R : Scénaristiquement non, ni l’un ni l’autre mais le choix graphique est celui de Guillaume, je le laisse donc répondre à cette question. Même si, pour moi, la similitude est plus à faire avec Mandrake… Cela dit, c’est vrai que cette position rappelle assez Gambit !
G : Ah oui, pourquoi pas… mais j’avoue que je n’y ai pas pensé du tout. On discute beaucoup avec Rémi, des heures au téléphone, on fixe les grandes lignes, les événements et les cliffhangers de la série, les moments où l’on va tenter de surprendre les lecteurs. Il y a donc dans le deuxième tome un nouveau personnage, le plus grand illusionniste du monde, contemporain et ami d’Arthur Conan Doyle. Il était évident pour nous qu’il possède un paquet de cartes numériques pour effectuer des tours de close-up (magie rapprochée).
ZY : La rédaction a adoré le début de l’aventure. De combien de volumes sera composée la série ? Connaissez-vous la date de sortie du deuxième opus ? Peut-on avoir quelques infos en exclu sur la suite ?

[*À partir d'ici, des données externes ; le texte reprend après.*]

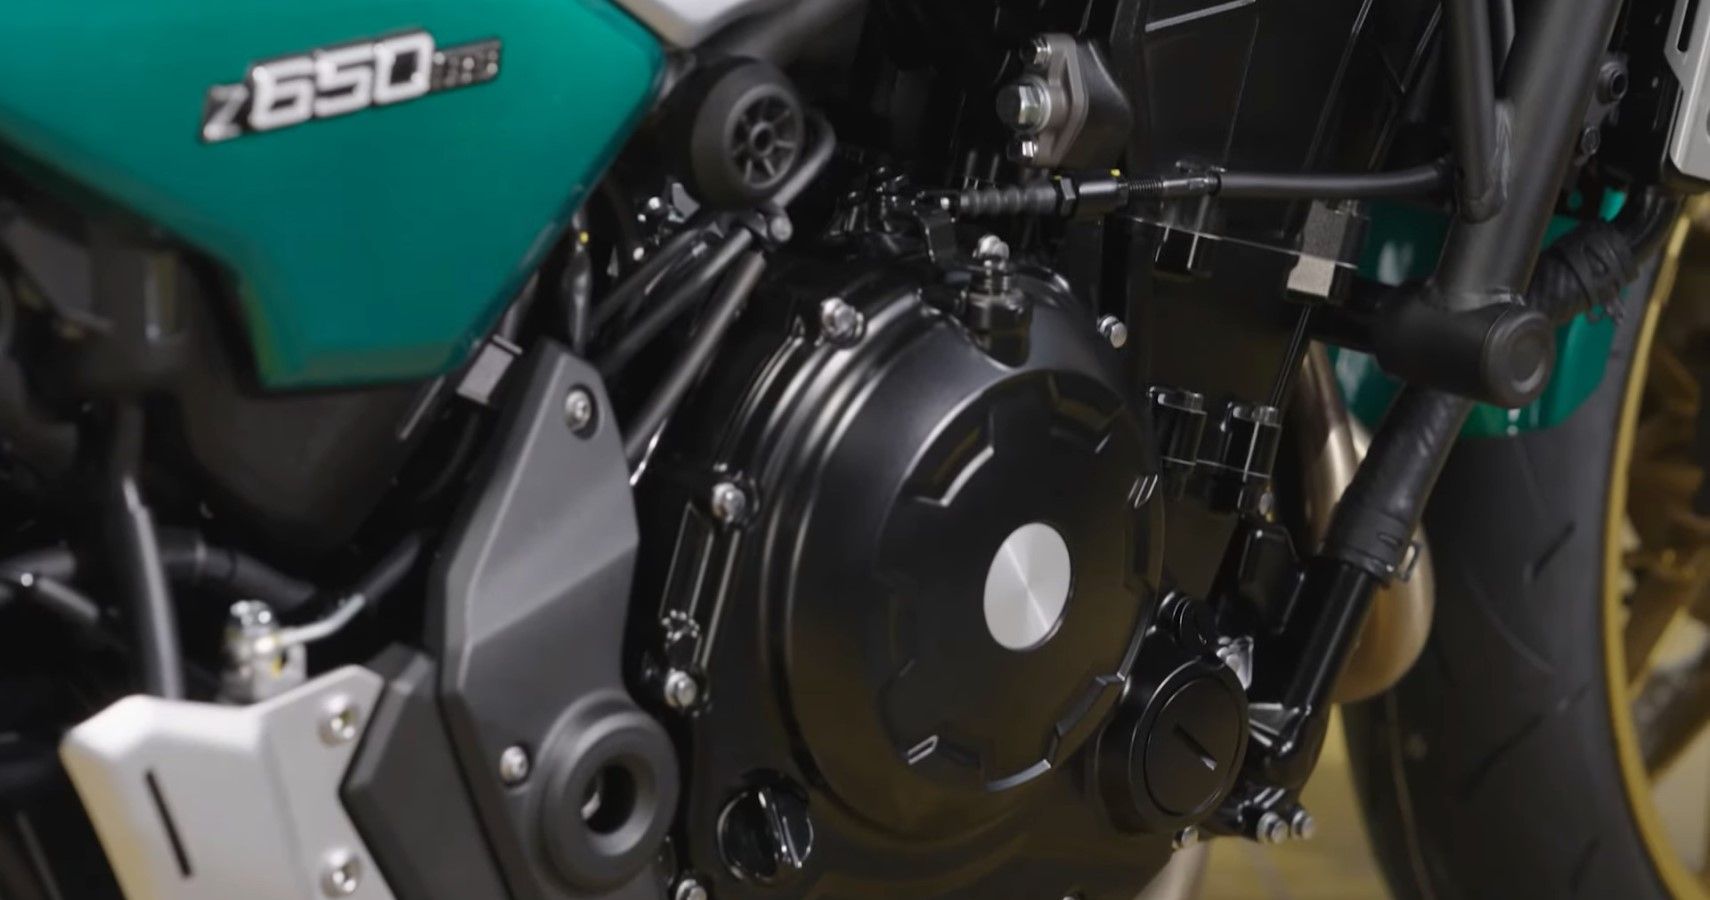 2022 Kawasaki Z650RS engine close-up view

R : Merci, nous sommes ravis que cela vous ait plu, on vous promet d’énormes surprises pour la suite et on vous garantit que vous ne regretterez pas d’avoir jeté un œil à «City Hall» ! La série en elle-même fera peut-être beaucoup de tomes, le plus possible, mais ce sera le public qui en décidera. En attendant, nous ne voulions pas démarrer une histoire sans garantir à nos lecteurs la possibilité de lire une vraie fin, c’est pourquoi l’enquête en cours se terminera au troisième tome. Et pour les révélations… en voici quelques-unes mais chut, c’est un secret ! Le nom du magicien dans le numéro 2, prévu pour l’automne de cette année, c’est Harry Houdini; Black Fowl verra grossir ses rangs de deux nouveaux membres très dangereux et à l’issue de la troisième et dernière partie, on connaîtra enfin son identité ! Mais peut-être la trouverez-vous avant… Il suffit de chercher !
ZY : Dans le manga, les deux auteurs publient leurs œuvres au format numérique, dû à l’absence du papier dans leur univers, que pensez-vous de ce nouveau support ?

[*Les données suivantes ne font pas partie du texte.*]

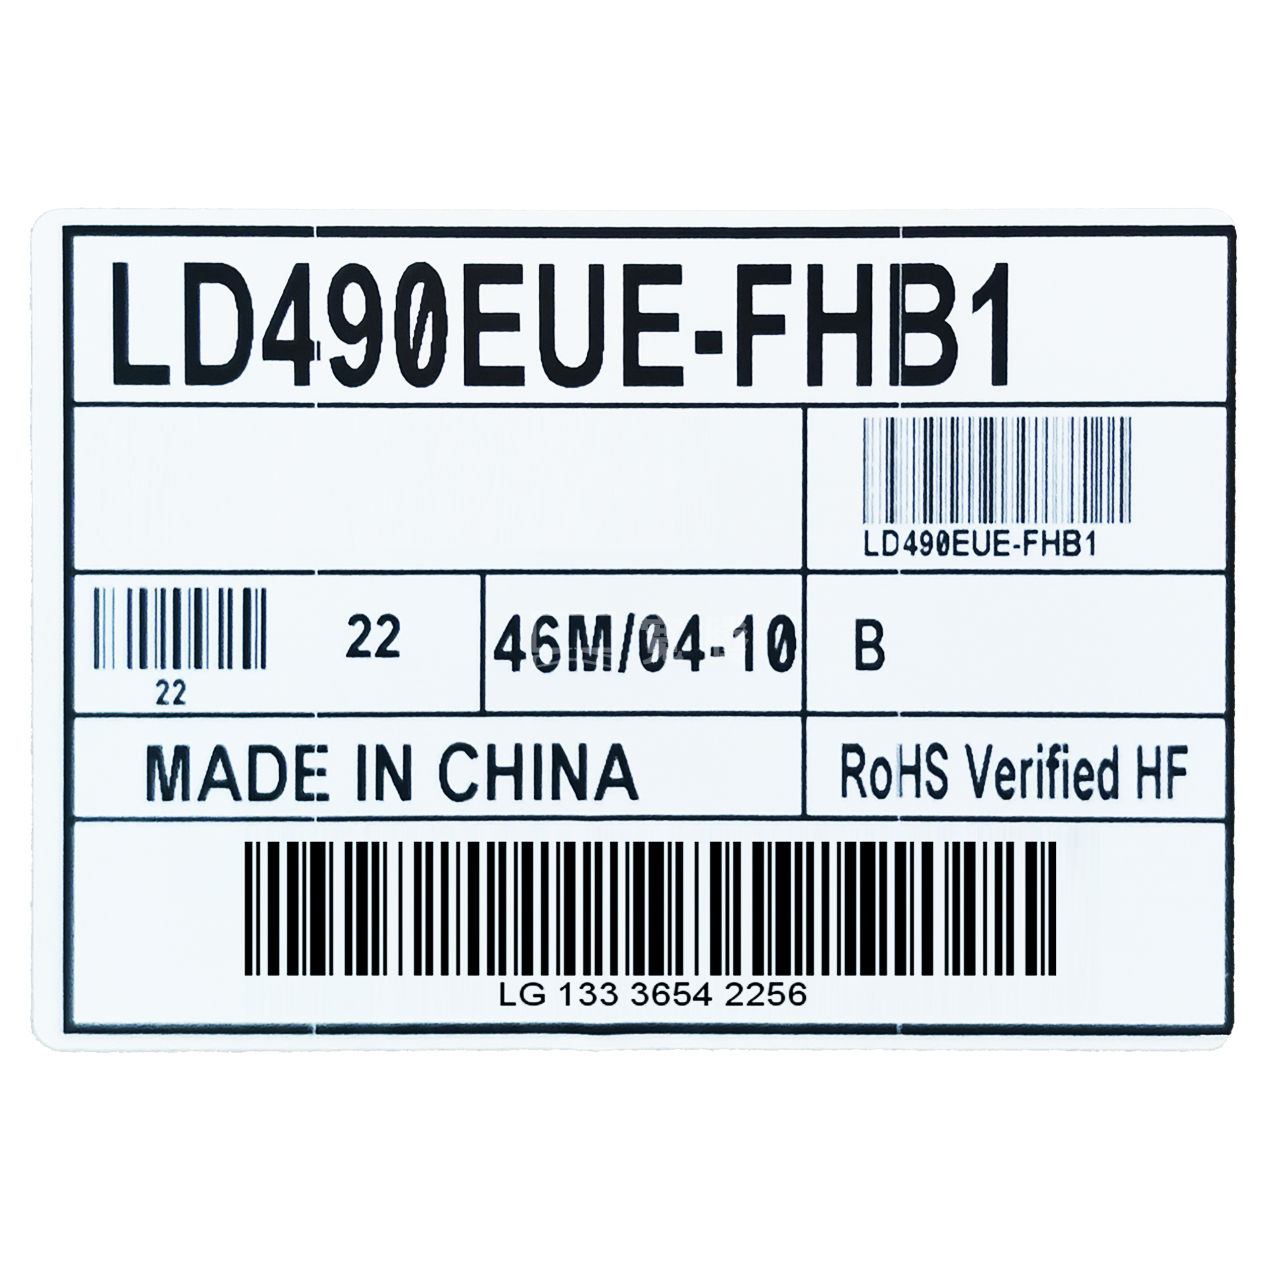 LD490EUE-FHB1

R : Intéressant, c’est un format qui comptera dans l’avenir, les nouvelles générations y seront de plus en plus sensibles et c’est un cap que nous devrons franchir. Il y aura toujours des livres « papier », cela ne fait aucun doute, mais j’imagine un avenir mixte où les deux types de lecture pourront cohabiter. Plus économique, plus écologique, moins encombrant, des atouts évidents qui font de ce format non pas un concurrent mais un complément de ce qui existe. Le monde évolue, la technologie aussi, et il en sera de même pour le livre. Mon point de vue de scénariste, c’est que cela ouvre des perspectives d’interactivités fabuleuses, à suivre !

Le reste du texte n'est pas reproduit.